Link to Pubmed [PMID] – 22056699
Gene 2012 Jan;492(1):199-211
The proper detection of orthologs is crucial for evolutionary studies of genes and species. Despite large efforts to solve this problem the methodological situation appears unsettled to a large extent and the “quest for orthologs” is still an ongoing task in large-scale genome comparisons. Here, we introduce a simple operational framework for the detection of orthologs and their classification.

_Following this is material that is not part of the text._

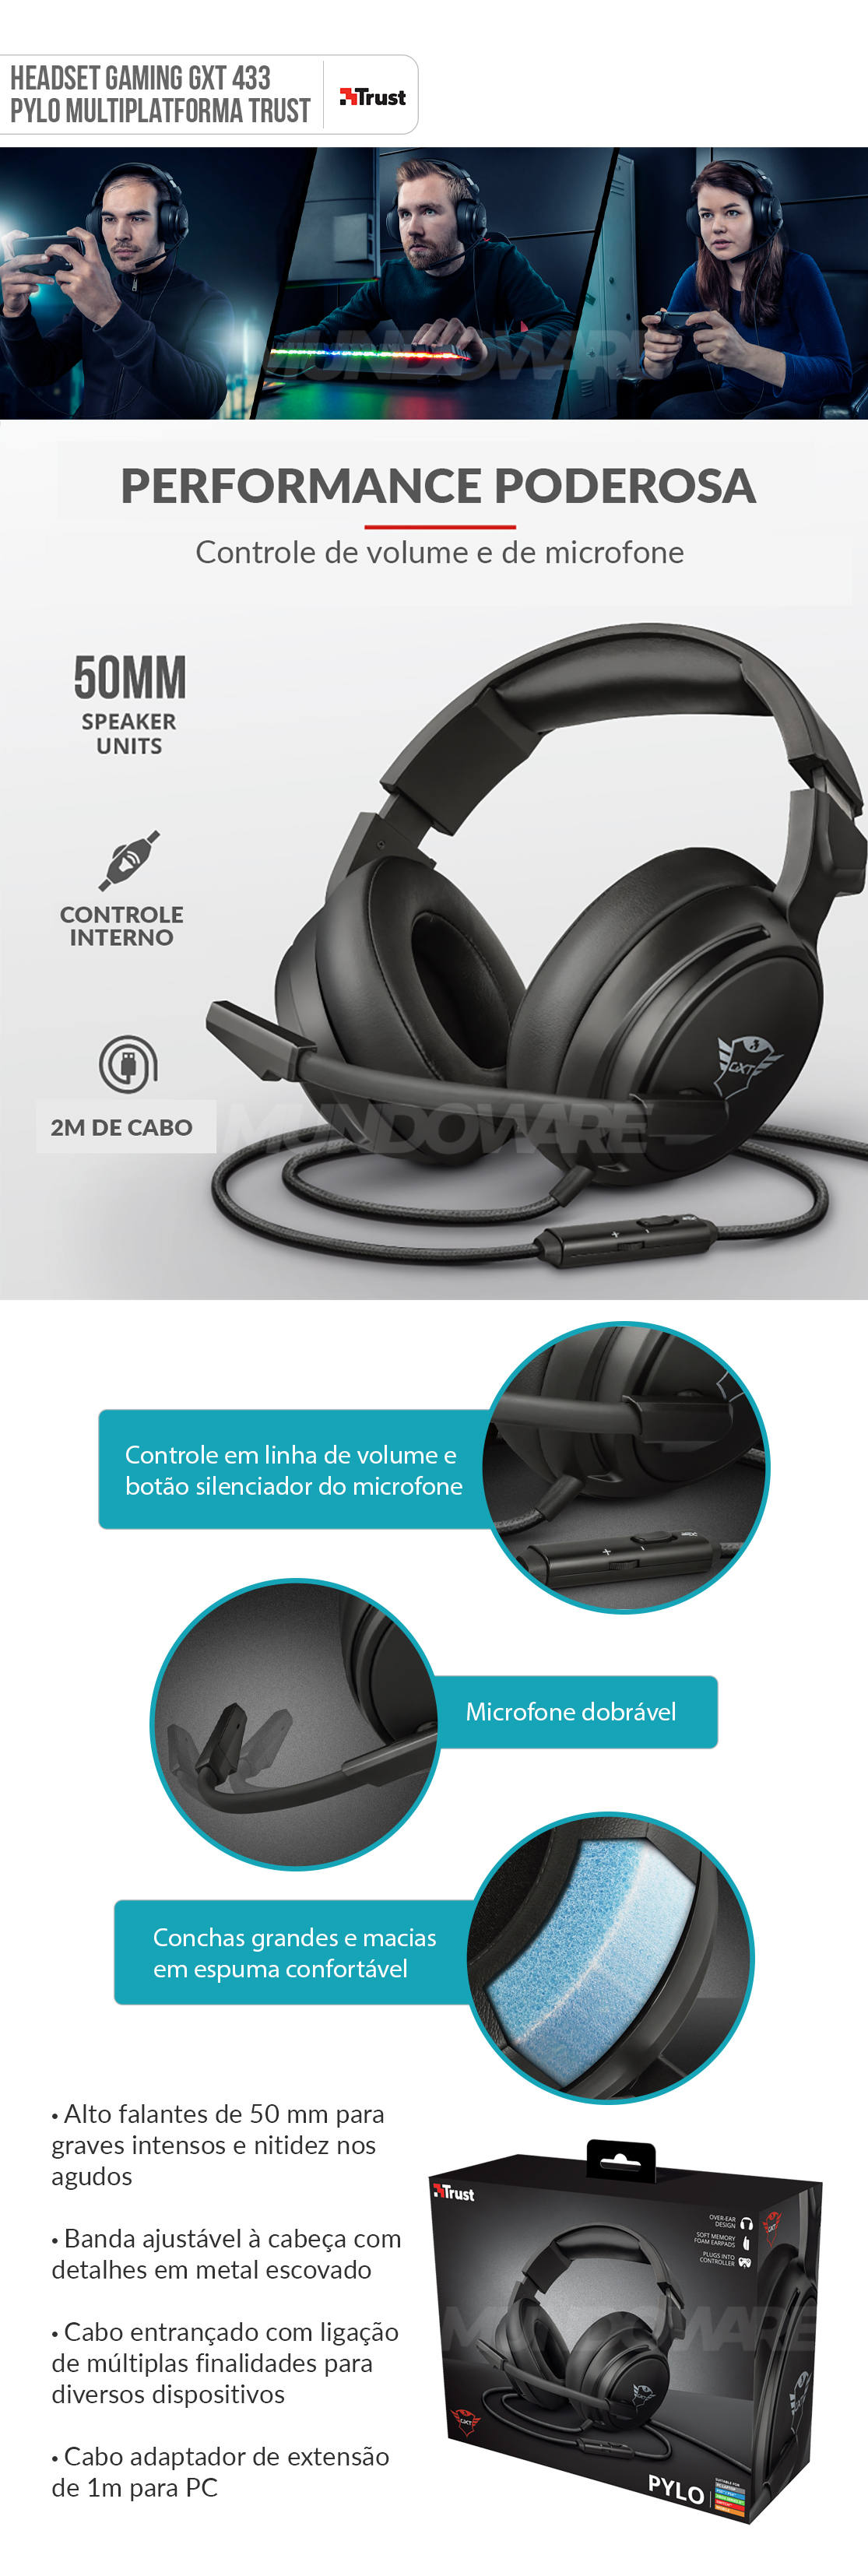 Headset Gamer Multiplatforma Som Potente e Conforto Extremo Trust GXT 433 Pylo Preto

The operational framework relies on well-established principles, optimizing their implementation for the considered purposes, and chaining components in coherent procedures: 1) We take advantage of the efficiency and simplicity of the Reciprocal Best Hit (RBH) detections, remedying (by design) the drawback concerning the limitations in terms of 1:1 detections. The procedure is based on the partitioning of Reciprocal Best Hits, with the further merging of partitions including members of the same paralogous classes (“SuperPartition of Orthologs” (SPOs)). 2) We then resort to the conservation profiles of the obtained clusters, allowing simple detection of SPOs containing duplicated members. Based on accepted evolutionary principles, such members can be further tagged as in-paralogs (co-orthologs) or out-paralogs. The method is illustrated and validated by extensive genomic analyses. The performances of the overall approach are characterized in global terms for three sets of species (Chlamydiae, Mycobacteria, Aspergilli), showing that at least 75% of the sets of orthologs contain at most one protein from a given species. The sets including more than one protein from a given species are shown to contain in-paralogs in proportions varying from 28% to 58%. The characterizations also show that the large majority of SPOs are associated with ancestral motifs, and accordingly not prone to chaining effects that might be triggered by multi-domain proteins. Further the SPO formulation is compared to other similarity based ortholog detection methods. Beyond core common results, significant differences are observed between various methods, which can be accounted for to a large extent on conceptual grounds, relative to the different merging schemes involved. Such comparisons highlight a major advantage of the SPO approach concerning the proper clustering of associated paralogs, which appear to be often dispatched spuriously into distinct orthologous classes. Finally the perspectives for future applications and elaborations of SPO-based compositional analyses are discussed.